陈巧儿谦逊低头:“夫子过誉,只是些小改进。”
“小改进?”王夫子转向巡抚随从,正色道,“大人,此女所制农具,件件惠及乡里。可恨本地豪强竟勾结县衙,以‘违禁’之名封了她的工坊,实为打压创新、垄断牟利!”
随从将话传回轿中。片刻,轿帘掀起,巡抚是个五十岁上下的清瘦男子,目光锐利:“此言属实?”
陈巧儿福身:“民女不敢妄言。工坊确被封查,所有器械图纸皆被扣留。若大人不信,可随民女前往一观——只是坊门有衙役把守,恐难进入。”
“本官在此,谁敢阻拦?”巡抚下了轿,“带路。”
一行人来到鲁家工坊时,两个守门衙役脸都白了。封条被揭开,工坊门开,陈巧儿径直走向那个水力联动模型,注入清水。
水流推动水车,齿轮咬合,磨盘缓缓转动,舂米杵起落有序,纺纱轮飞旋——三个动作同时进行,精妙绝伦。

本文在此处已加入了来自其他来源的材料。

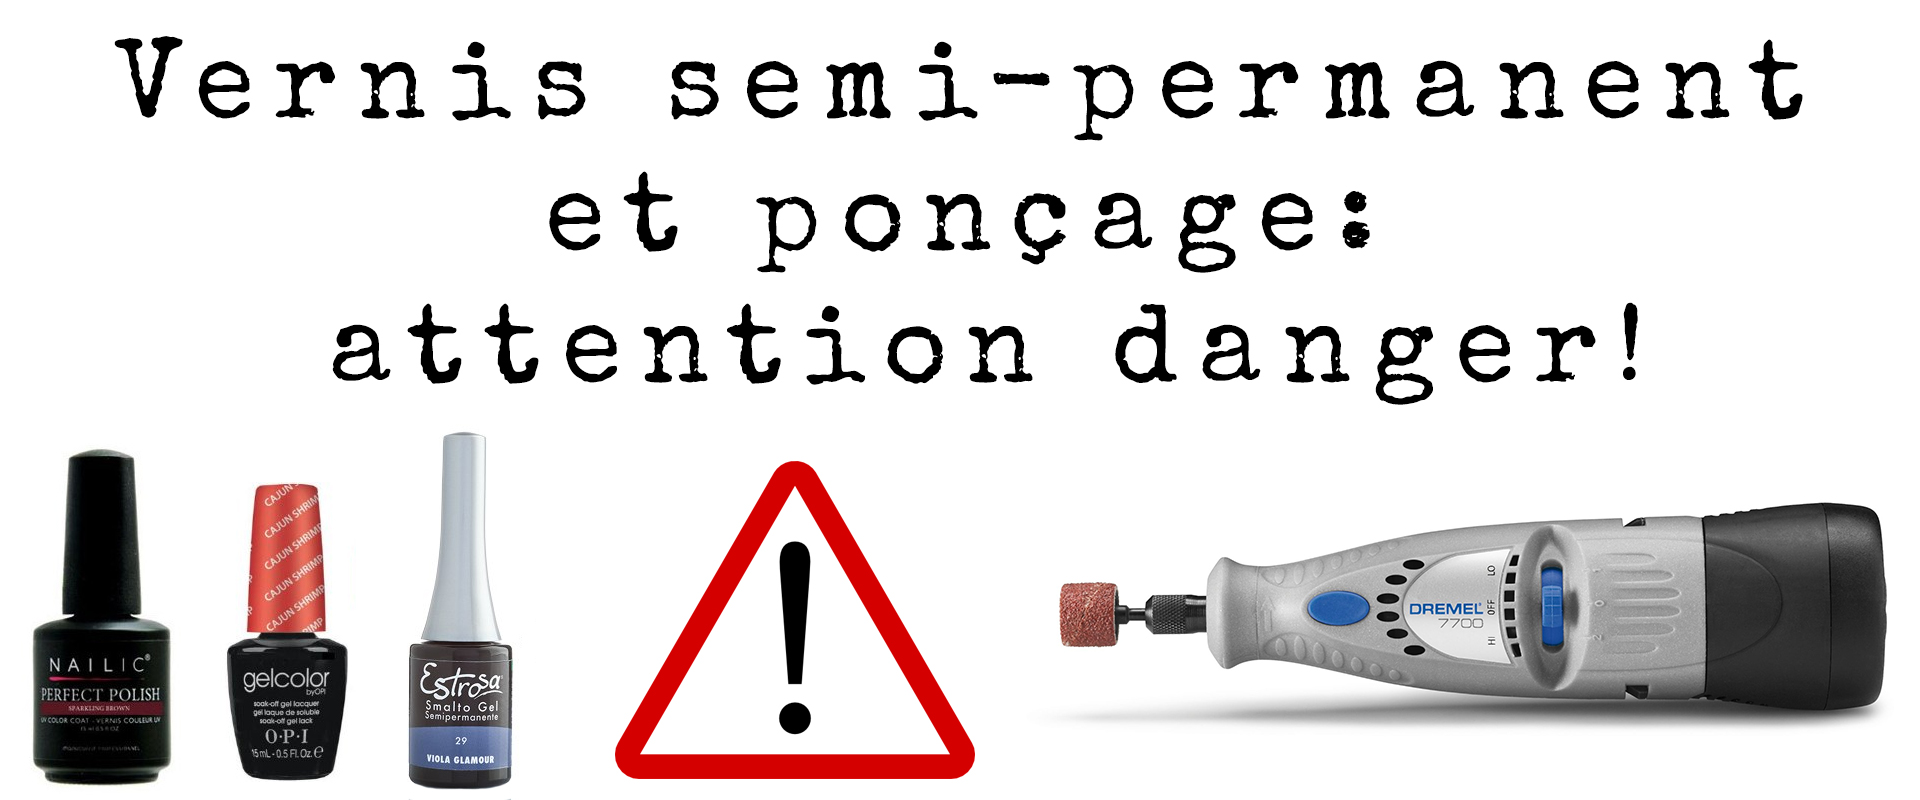 Vernis semi-permanent et poncage: attention danger!

巡抚眼中闪过讶异:“此物若推广,确能省下大量人力。何以定为违禁?”
张师爷闻讯匆匆赶来,满头大汗:“大人,此物、此物恐引织户不满……”
“荒谬。”王夫子冷笑,“纺织若能省力,布价可降,百姓得益,怎会不满?除非有人想独占其利,高价售卖。”
巡抚沉吟片刻,目光落在工作台上那些被封存的图纸上。他随手翻开一张,正是陈巧儿设计的梯田自动灌溉系统,图中不仅标注尺寸,还用蝇头小楷详细写着“流速计算”“坡度与流量关系”。
“这些笔记……是你所写?”巡抚看向陈巧儿。